Tomemos el caso de los pesticidas. A pesar del daño que causan (que incluye envenenamiento de trabajadores agrícolas y comunidades rurales, aumento de la contaminación y pérdida de biodiversidad del suelo), su uso ha crecido enormemente en las últimas décadas. Los fabricantes llevan adelante intensas campañas de comercialización, niegan la magnitud del daño que causan e insisten en que son seguros si se los usa en forma correcta. También aseguran que son imprescindibles para satisfacer las necesidades alimentarias de una población en aumento, sobre todo en el contexto del cambio climático.
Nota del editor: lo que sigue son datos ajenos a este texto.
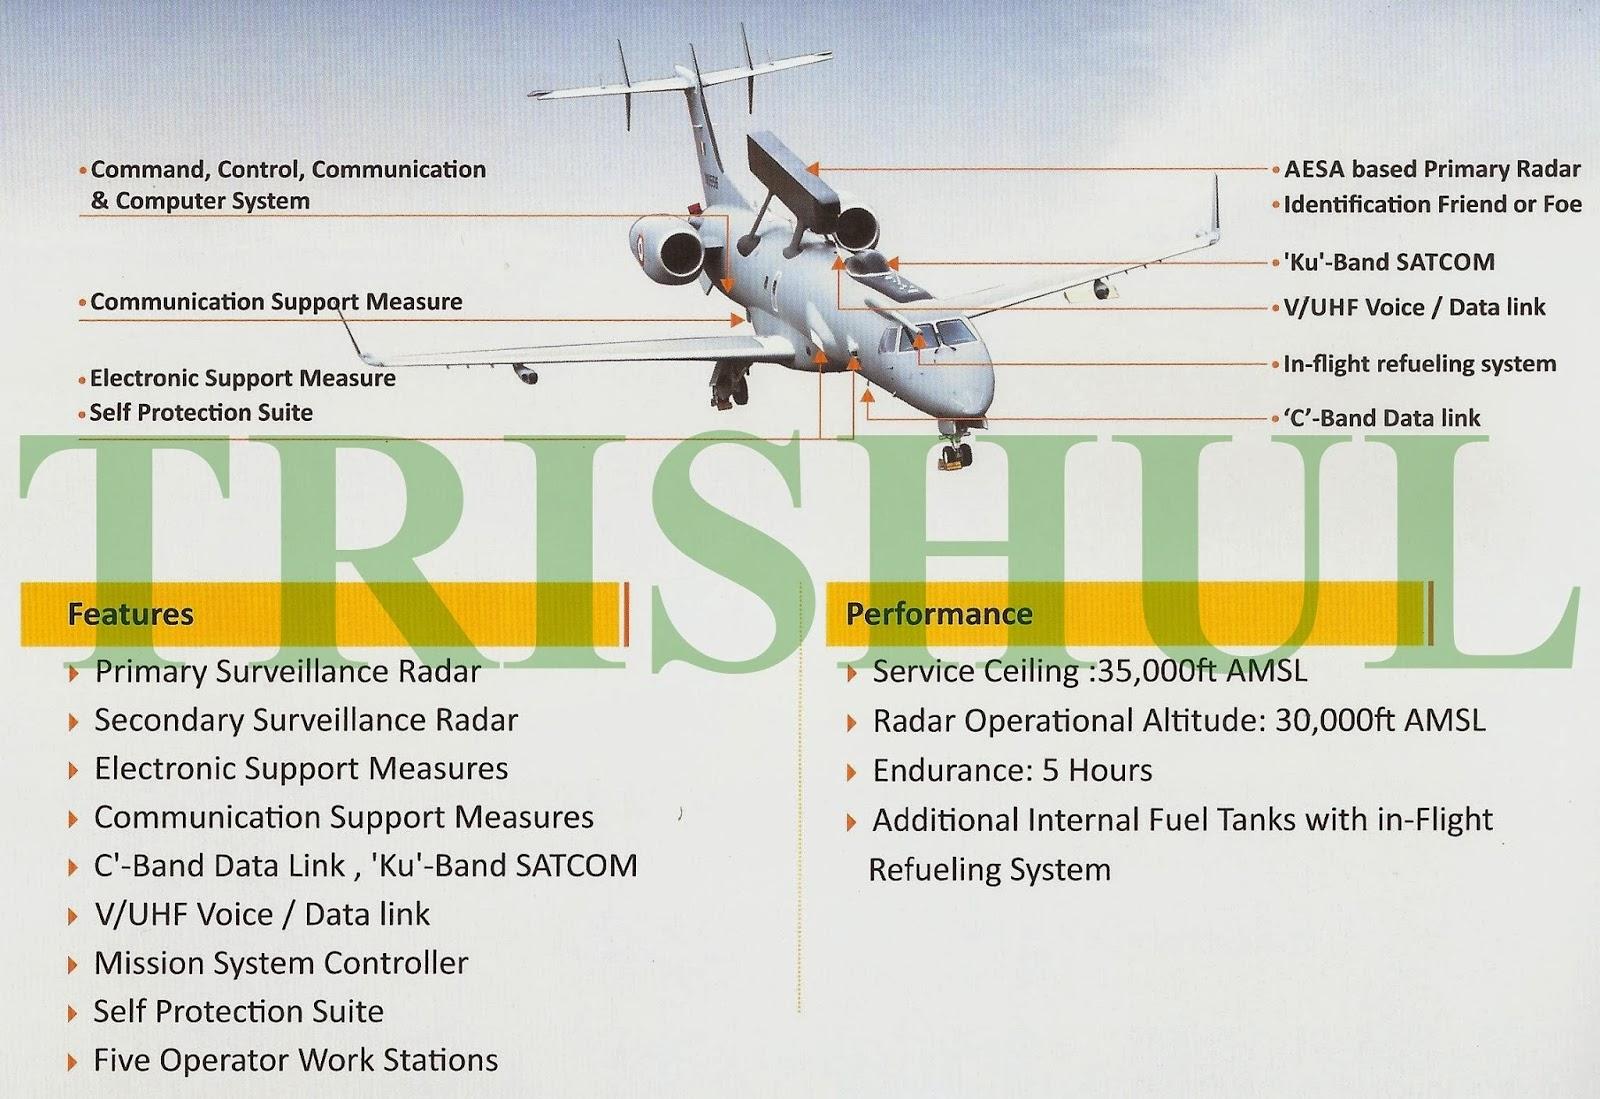 الجزائر قد تكون أول المشترين للطائرات اواكس الهندي AEW  EMB-145I+AEW+&+CS-1
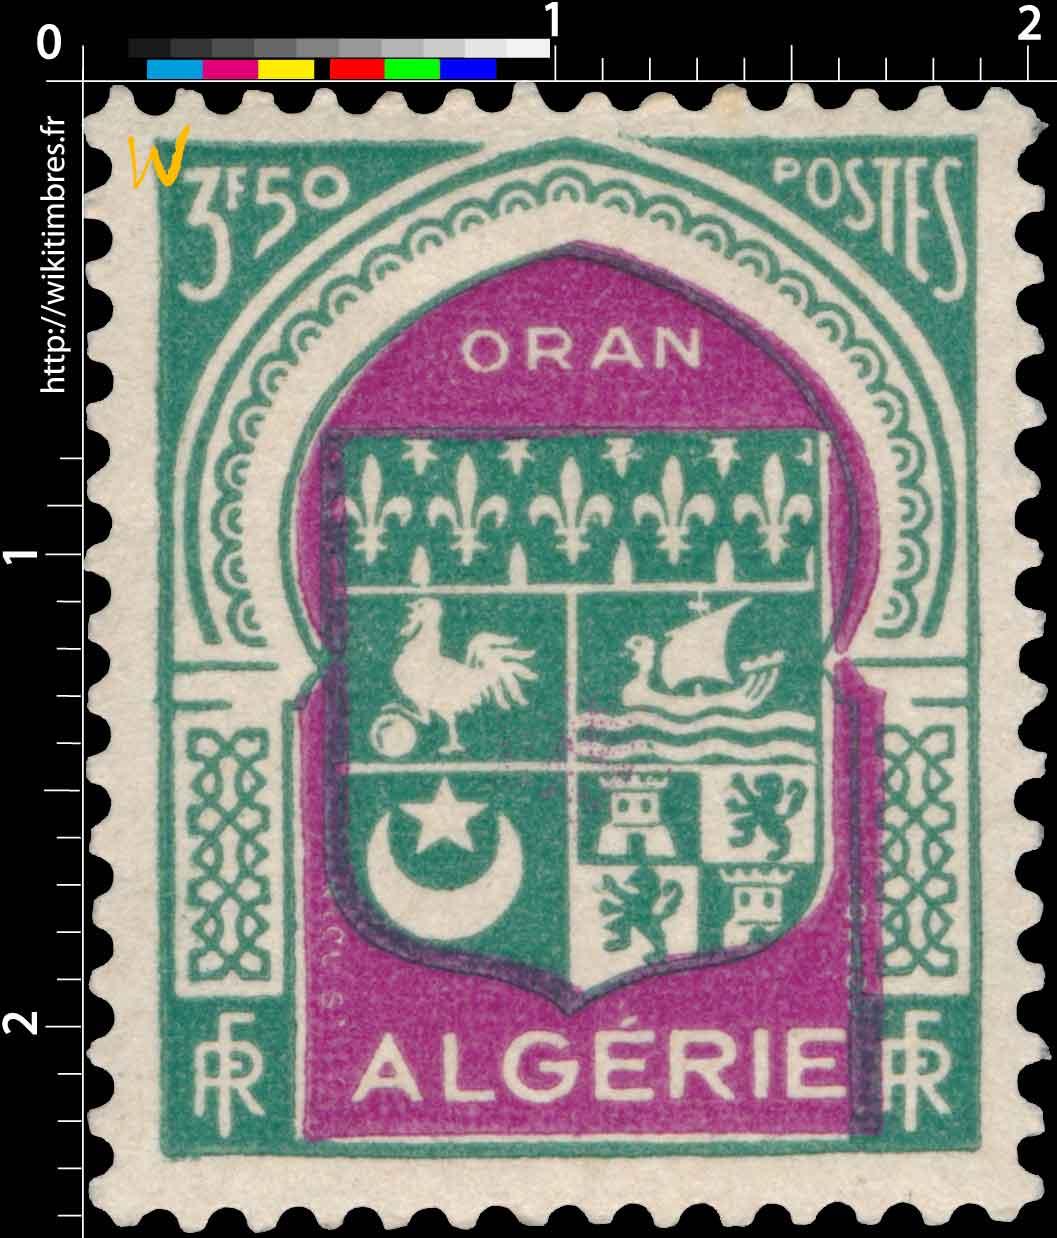 Algérie  Oran

Un buen ejemplo es Brasil. Entre marzo de 2020 y mayo de 2021, el gobierno otorgó exenciones fiscales a los pesticidas comerciales y aprobó 613 productos nuevos (aunque el país ya estaba a la vanguardia mundial en uso de pesticidas). El presidente Jair Bolsonaro quiere aumentar la producción industrial de bienes agrícolas exportables, a pesar de las consecuencias letales que esto tendrá sobre los ecosistemas y el pueblo de Brasil.

Las corporaciones transnacionales tampoco salvarán a los colombianos que protestan contra el hambre y la malnutrición. Lo que necesita esta gente es un gobierno capaz de cobrar impuestos como es debido a las grandes empresas, para generar ingresos que permitan sostener una sólida red de seguridad social, y decidido a revertir la desigualdad extrema en el acceso a la tierra, que perjudica a campesinos, afrodescendientes y pueblos indígenas.
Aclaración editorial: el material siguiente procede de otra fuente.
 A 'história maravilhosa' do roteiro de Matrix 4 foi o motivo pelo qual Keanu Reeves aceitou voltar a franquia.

En vez de esperar que las multinacionales resuelvan la creciente crisis del hambre y la malnutrición, la ONU y los gobiernos nacionales deben poner fin a la captura corporativa de los alimentos y promover una transición a la agroecología. Y deben comenzar por asegurar que esas empresas paguen los impuestos que les corresponden y rindan cuentas de las consecuencias de sus actividades sobre el medioambiente y los derechos humanos.

En 1948, la ONU declaró que la alimentación es un derecho humano. Lamentablemente, la cumbre de la ONU será un ámbito más propicio a dar sostén a las ganancias corporativas que esperanza a cientos de millones de personas hambrientas.